On the other side of town a mysterious looking car pulls up at a corner. The driver reads the street names, marks the spot on a map, then snaps on a complicated looking receiving set hung from the roof behind his seat. No sound comes forth. Instead, the needles of two meters swing across the scales. Rotating the loop aerial protruding through the roof, the driver secures maximum reading, makes a note of it, then goes on down the street.

Two cars containing field intenstity meters

At six o'clock the transmitter operator shuts off the gasoline engine. The driver of the car watches his meters slowly settle to zero, writes "finished" to the log, then heads across town to pick up the operator.

Thus is completed the first important step in building a new radio broadcast station.

Ten years ago it was customary to locate a transmitter on top of the highest building in town. Today the practice is to have the studio in town and the sending equipment as far out in the country as possible. This is because facts are known about radio now, which were not known ten years ago. One of the most startling is that the steel tower makes a better radiating antenna than the wires it formerly supported. With this fact proved, the whole structure of radio transmitters became subject to controversy, and as a result better and more efficient broadcasting stations are in existence today than ever before.
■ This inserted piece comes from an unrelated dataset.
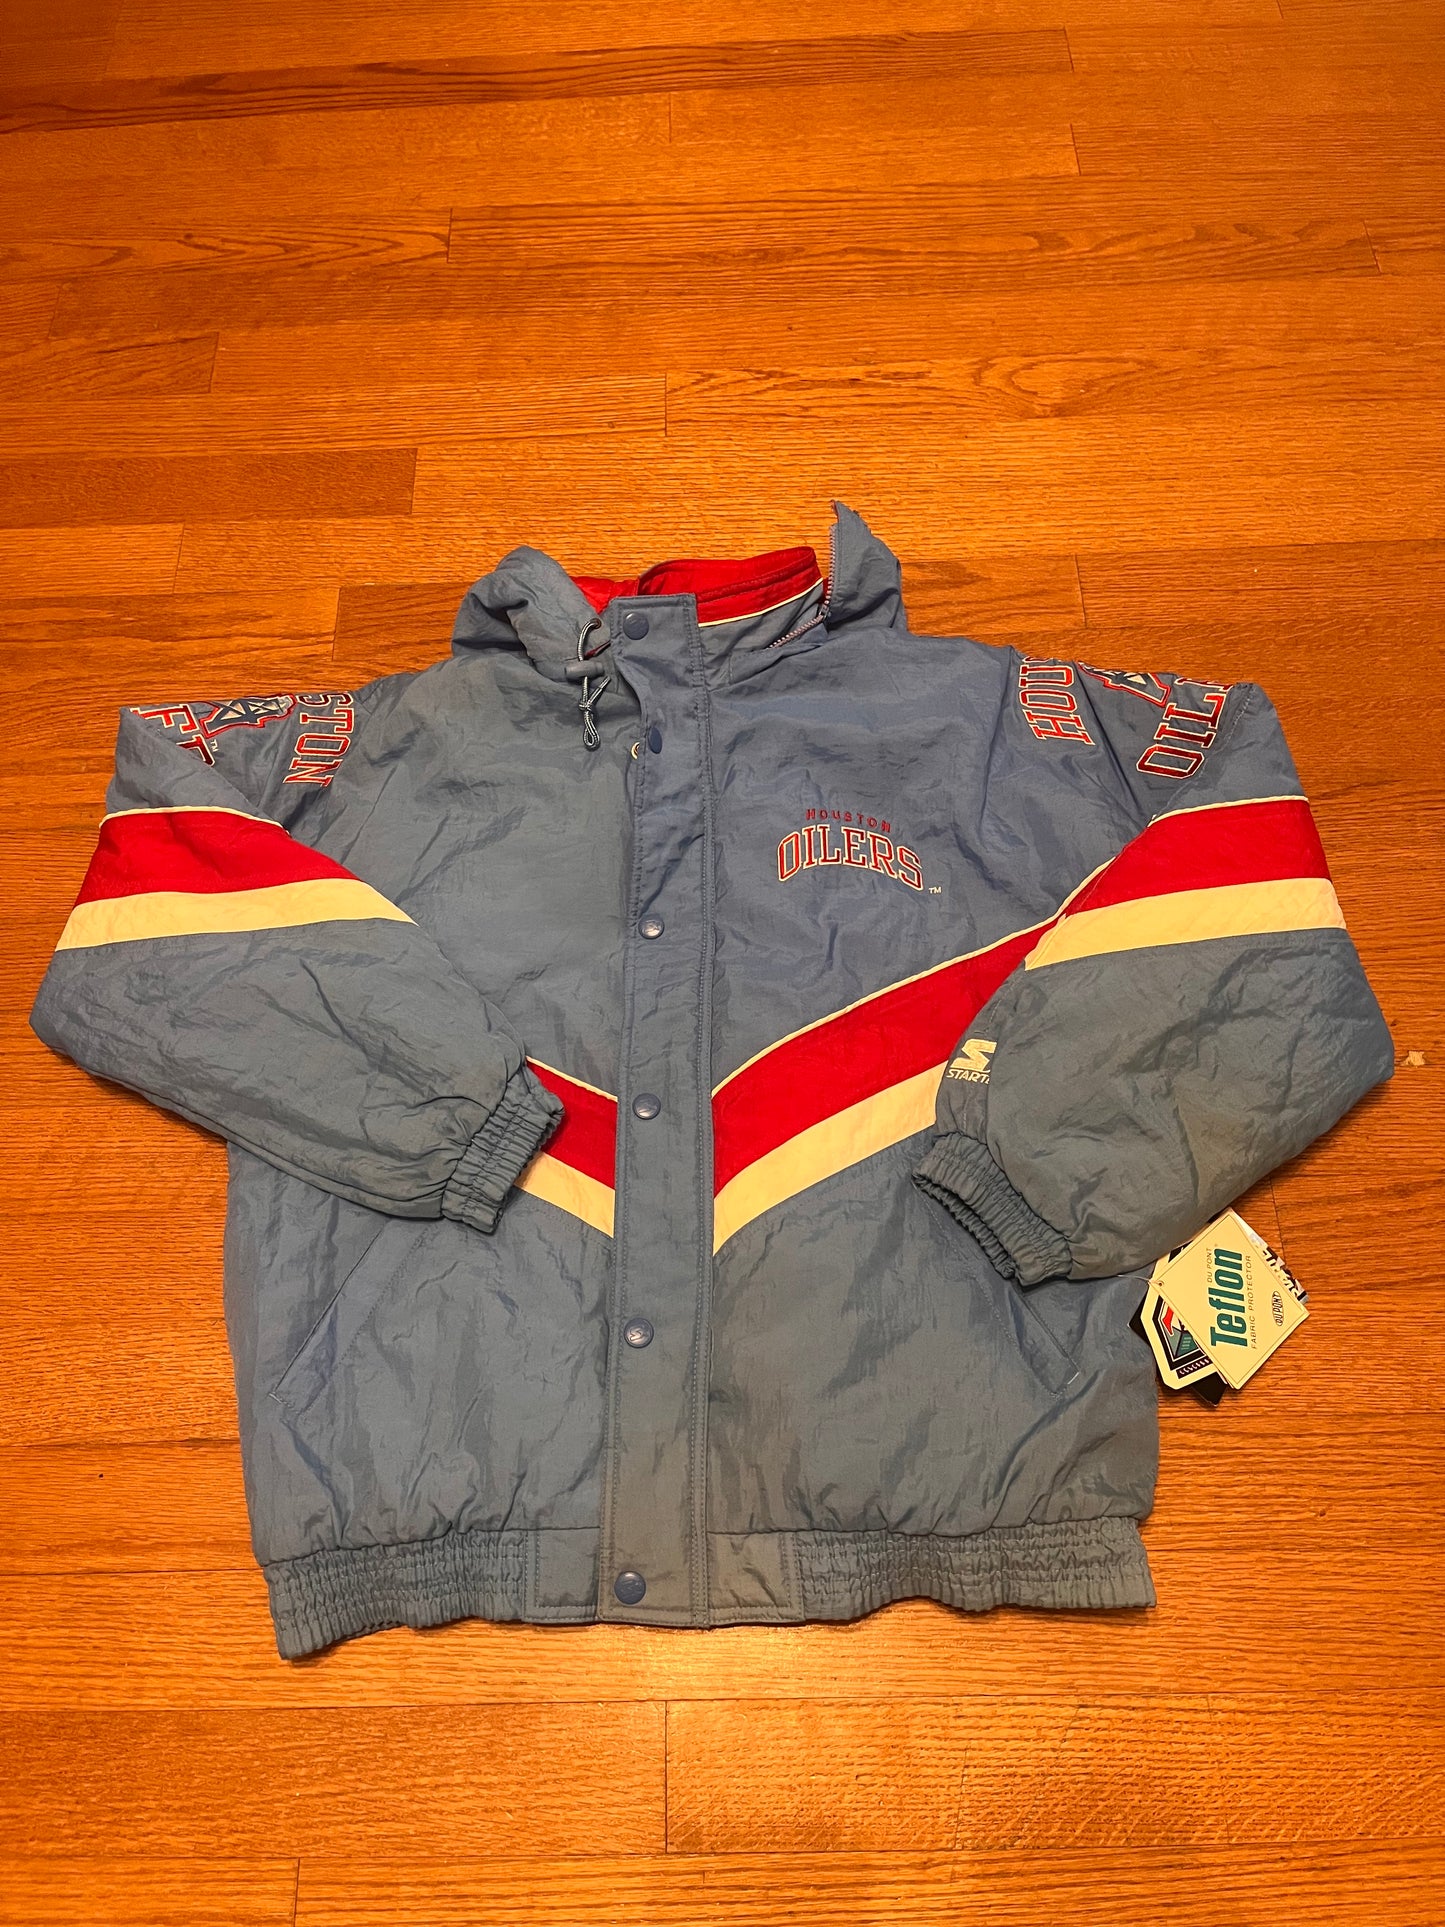 Vintage Oilers Jacket

In the last few years a group of highly trained radio men has been developed. They are the radio consulting engineers and their business is to keep abreast of all new developments and apply them where needed. They redesign old stations, select a location for a new one, specify equipment and antenna requirements, and lastly, check everything and tune the station to maximum efficiency before turning it over to the operating staff. Upon their shoulders rests tremendous responsibility, so it is not surprising to know that only eight consulting engineers are available. Between them, they have designed and put in operation most of the 550 stations now on the air.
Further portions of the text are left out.